The goal is to develop a AI model that can detect human emotions including Angry, Disgust, Fear, Happy, Sad, Surprise and Neutral based an in image as the input. We have two different approaches here, One is to train a CNN (Convolutional neural network) from scratch using labeled images as training data and the other approach is to use a pre-trained model like DeepFace. In this article we are covering both options and compare the results. The first step to train a model is gathering the suitable data. In this case we need a dataset of images of faces labeled with the emotion they are expressing. I used msambare’s fer2013 dataset from keggle which includes two sets of test and train data with thousands of 48×48 images categorized in different directories labeled by the emotions. We create the model using TensorFlow’s Keras API and set up data generators that load and preprocess images from the specified directory then apply data augmentation (like rotation and flipping) and split the data into training and validation sets. Afterward we pass the now properly formatted data to the model we created and start the training process. It’s worth noting that we set the input layers shape size to 48×48 for several reasons:
- fer2013 is offering its images in this size
- While 48×48 may seem small, it’s generally sufficient to capture the key facial features necessary for emotion recognition
- The small size forces the model to focus on the most important facial features for emotion recognition, rather than potentially irrelevant background details.
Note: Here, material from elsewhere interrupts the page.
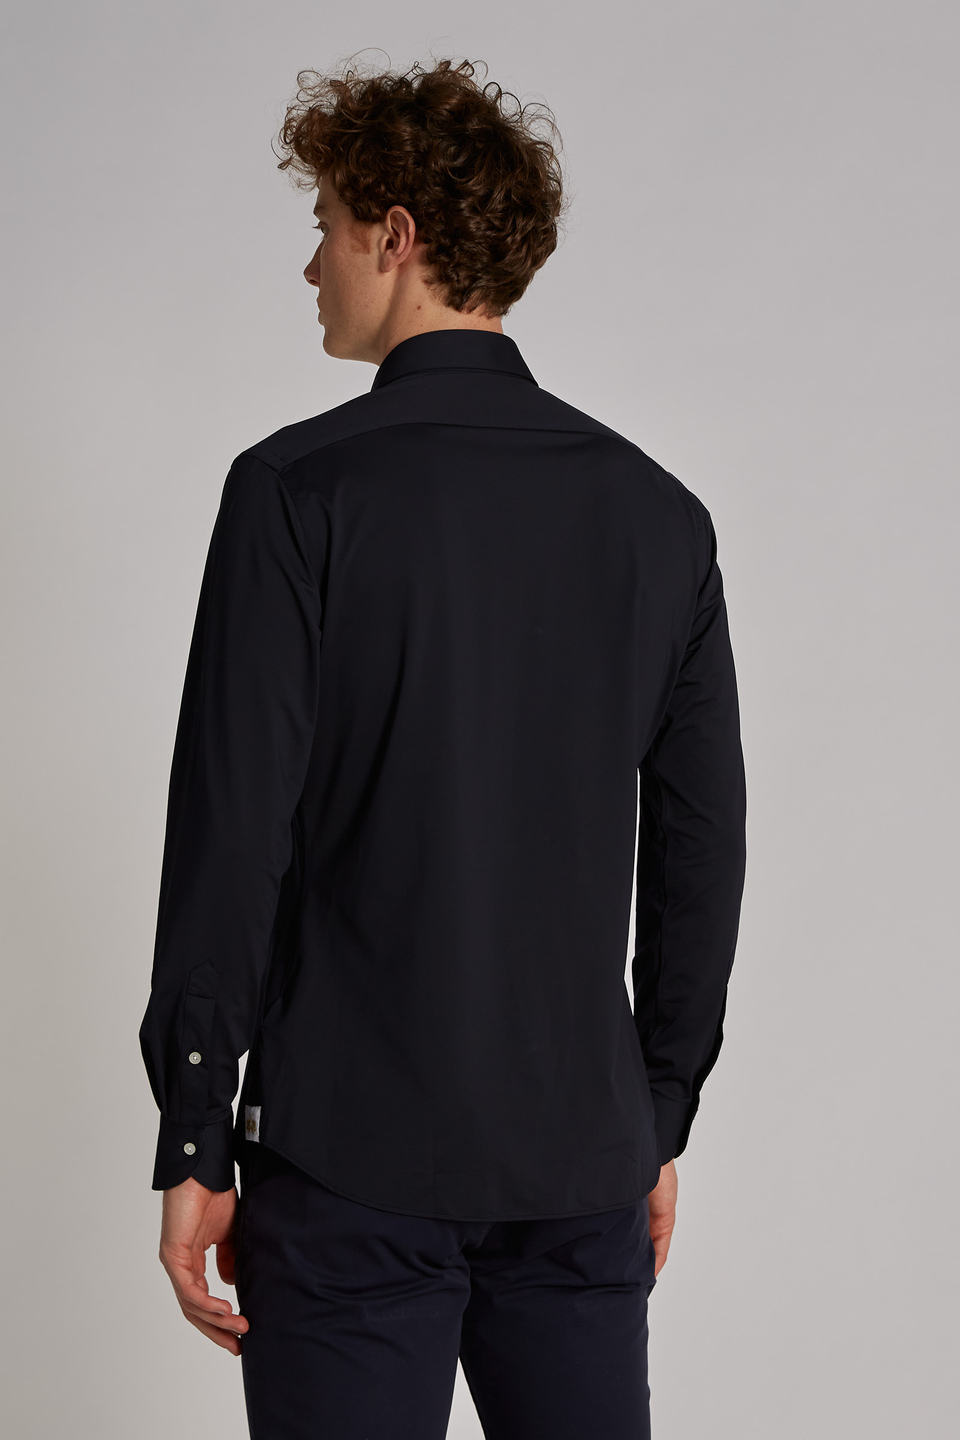 Camisa hombre algodón manga larga corte custom - La Martina - Official Online Shop

However with modern hardware and deep learning techniques, it’s possible to work with larger image sizes if needed. Some researchers now use larger sizes (e.g., 96×96 or 224×224) for emotion recognition, especially when applying transfer learning from models pre-trained on larger datasets. After that we also the training and validation accuracy/loss over epochs using plots and at last we pass an image path to use the now trained model to check the results (figure-1). The second approach which is using the DeepFace library, is much simpler as we just pass the image we want to it and get the emotion the model is the most confident about. It actually returns an object with 4 keys:
- emotion: an object consisting of the percentage of certainty of each emotion summing up to 100
- dominant_emotion: Its the emotions with the highest certainty percentage
- region: coordinates of the detected face
- face_confidence: the certainty of having [found] an actual face in the image
result object for the example we used: {'emotion': {'angry': 6.749350723661236e-19, 'disgust': 5.121609371489773e-33, 'fear': 1.1359427430087947e-21, 'happy': 99.9953031539917, 'sad': 8.247558876836933e-17, 'surprise': 6.363264359876553e-08, 'neutral': 0.004698441262007691}, 'dominant_emotion': 'happy', 'region': {'x': 234, 'y': 67, 'w': 137, 'h': 137, 'left_eye': None, 'right_eye': None}, 'face_confidence': 0.91}


In our quest to create the ultimate emotion-reading AI, we’re following two exciting paths to success! Let’s dive into this fascinating journey of teaching machines to understand human feelings.
Our first adventure begins with building our own CNN detective from scratch. We start by gathering our training materials – the fer2013 dataset from Kaggle, a treasure trove of facial expressions created by msambare. Picture thousands of 48×48 pixel photographs, each capturing one of seven emotional states: Angry, Disgust, Fear, Happy, Sad, Surprise, and Neutral.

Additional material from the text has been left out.